Outro possível motivo para a média crescente dos cearenses no Enem é a melhoria da educação pública como um todo, como aponta Helder Nogueira, secretário executivo de Direitos Humanos e Equidade da Secretaria Estadual da Educação (Seduc).
“Com a expansão do tempo integral, que chega a 70% da rede, temos muitas (disciplinas) eletivas que convergem para clubes, oficinas e aulões de redação. É algo que envolve o aprimoramento do estudante, olhando para o percurso que ele precisa trilhar”, frisa.
O secretário lista ainda outras ações da rede estadual de ensino que priorizam aperfeiçoar as habilidades de escrita dos cearenses que prestarão o exame nacional. “Em julho, por exemplo, no ‘Enem Não Tira Férias’, eles produziram a redação, escanearam com o celular mesmo e tiveram correção e orientação pelos professores numa plataforma”, cita.
Desafios da redação do Enem
Diante da inegável importância de um bom “conhecimento de mundo” e do domínio da língua portuguesa para alcançar uma boa nota na redação do Enem, são justamente estes os dois pontos mais desafiadores da preparação, segundo a professora Victória Castelo.
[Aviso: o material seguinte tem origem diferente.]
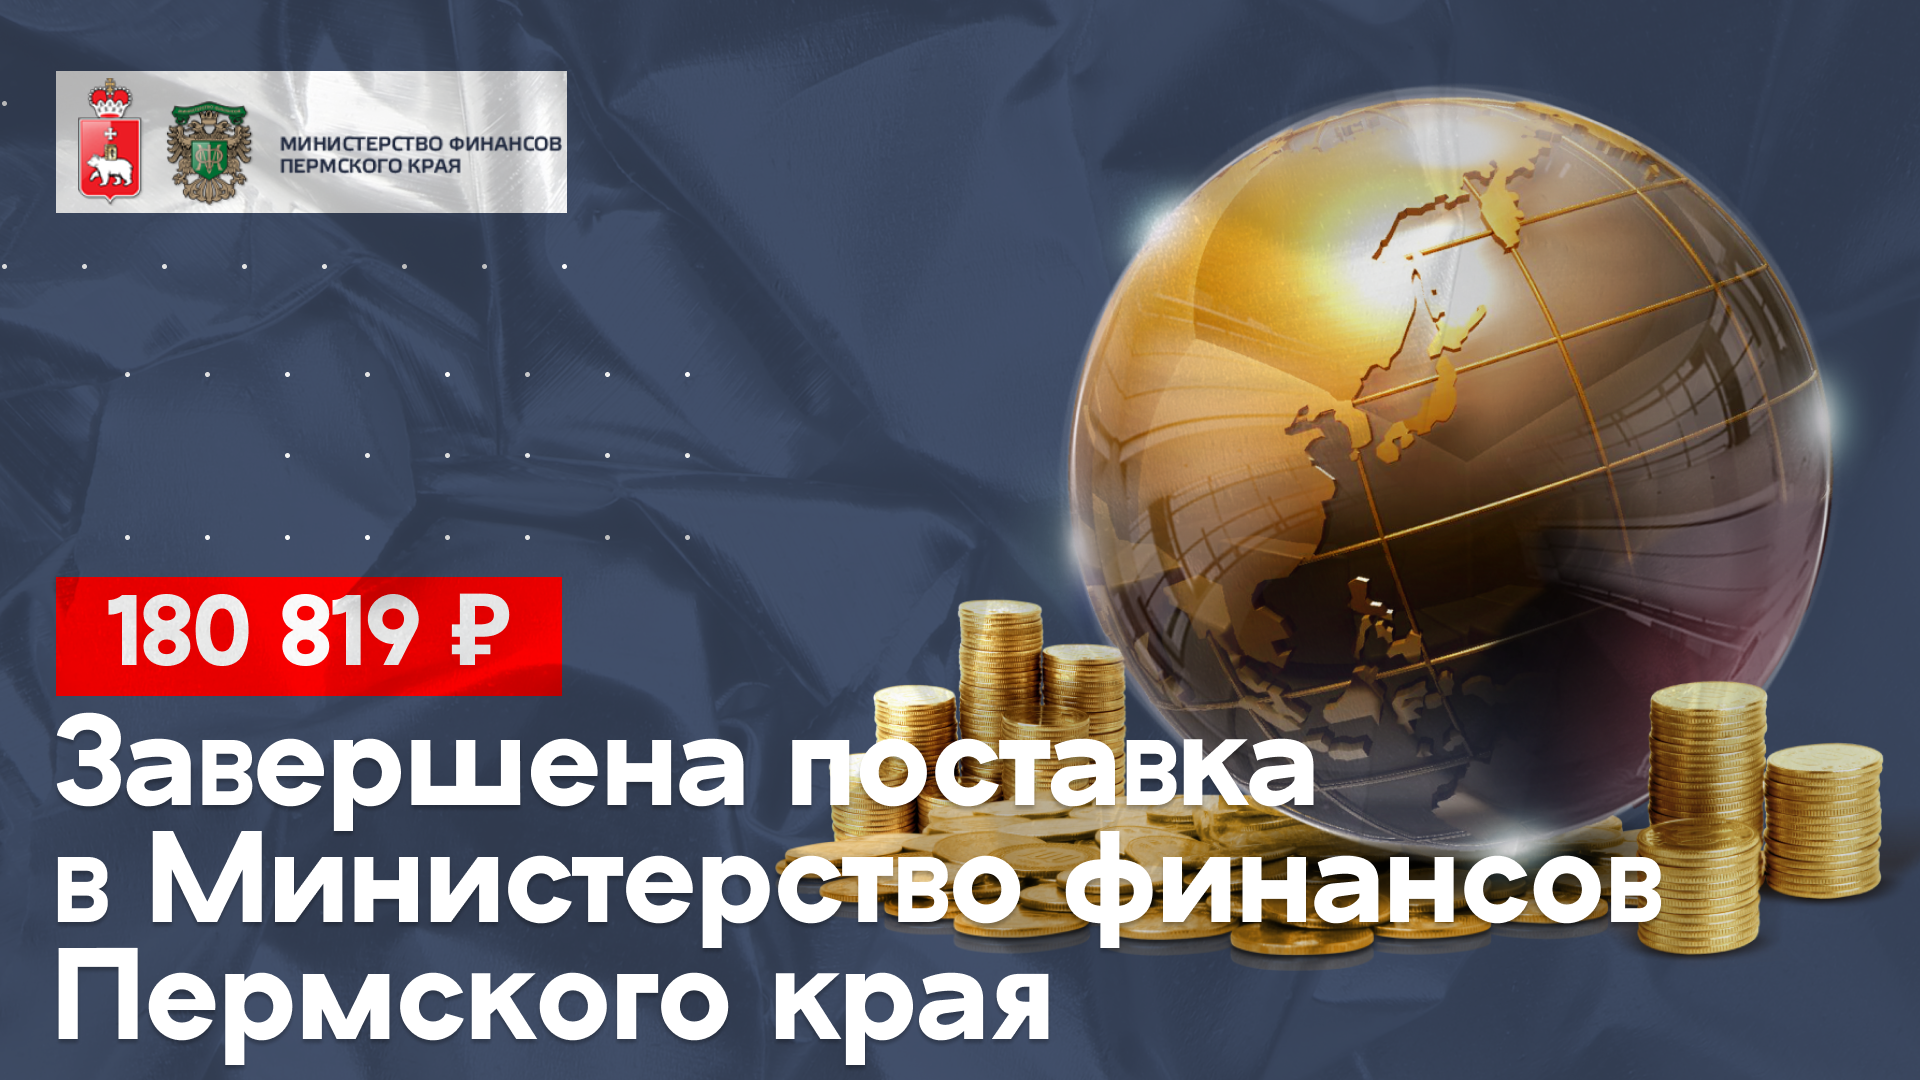 Осуществили поставку в Министерство финансов Пермского края на 180 819 руб.

“Temos no PNV alunos de todas as idades, há muito tempo sem estudar, e vemos uma dificuldade: eles reconhecem a norma culta, sabem as especificidades da dissertação, mas não conseguem desenvolver a argumentação”, diz, alertando que a adoção de “modelos prontos de redação nota mil” prejudica a preparação dos candidatos.
“Outra problemática é o contrário: são os alunos que conseguem falar sobre os problemas sociais, por serem mais maduros, com consciência social mais forte, mas que não conseguem transmitir isso para a escrita”, complementa Victória.
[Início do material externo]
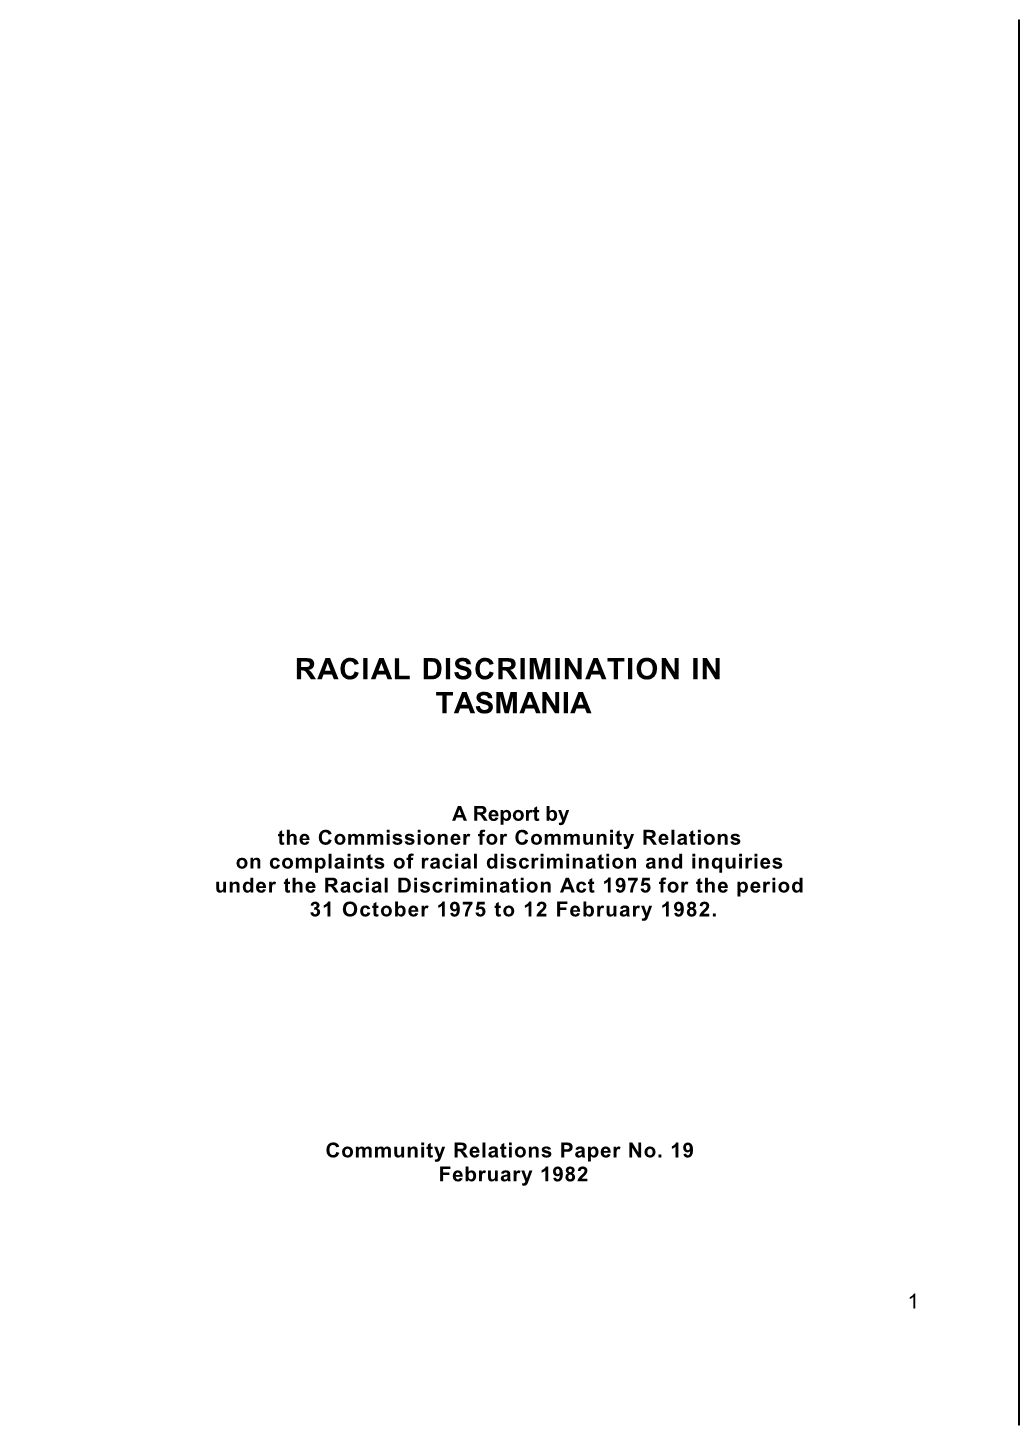 Racial Discrimination in Tasmania

Helder Nogueira, da Seduc, acrescenta que “a principal dificuldade é o déficit de repertório para falar das realidades política, econômica e cultural do País, e o vocabulário para expressar os pensamentos e a argumentação”.
“Temos uma sociedade muito vinculada às redes sociais, com palavras abreviadas, então trabalhamos muito a questão da leitura. A preparação do estudante não é só para o Enem. A leitura e o repertório são importantes para toda a vida, inclusive profissional”, reforça o secretário.
A professora do PNV também resume: “quando lemos um texto de um aluno, vemos muito sobre o que e como ele pensa. E essa é a avaliação do Enem: queremos ver como a pessoa se coloca na sociedade. Para além de convenções da escrita, a argumentação é extremamente importante”.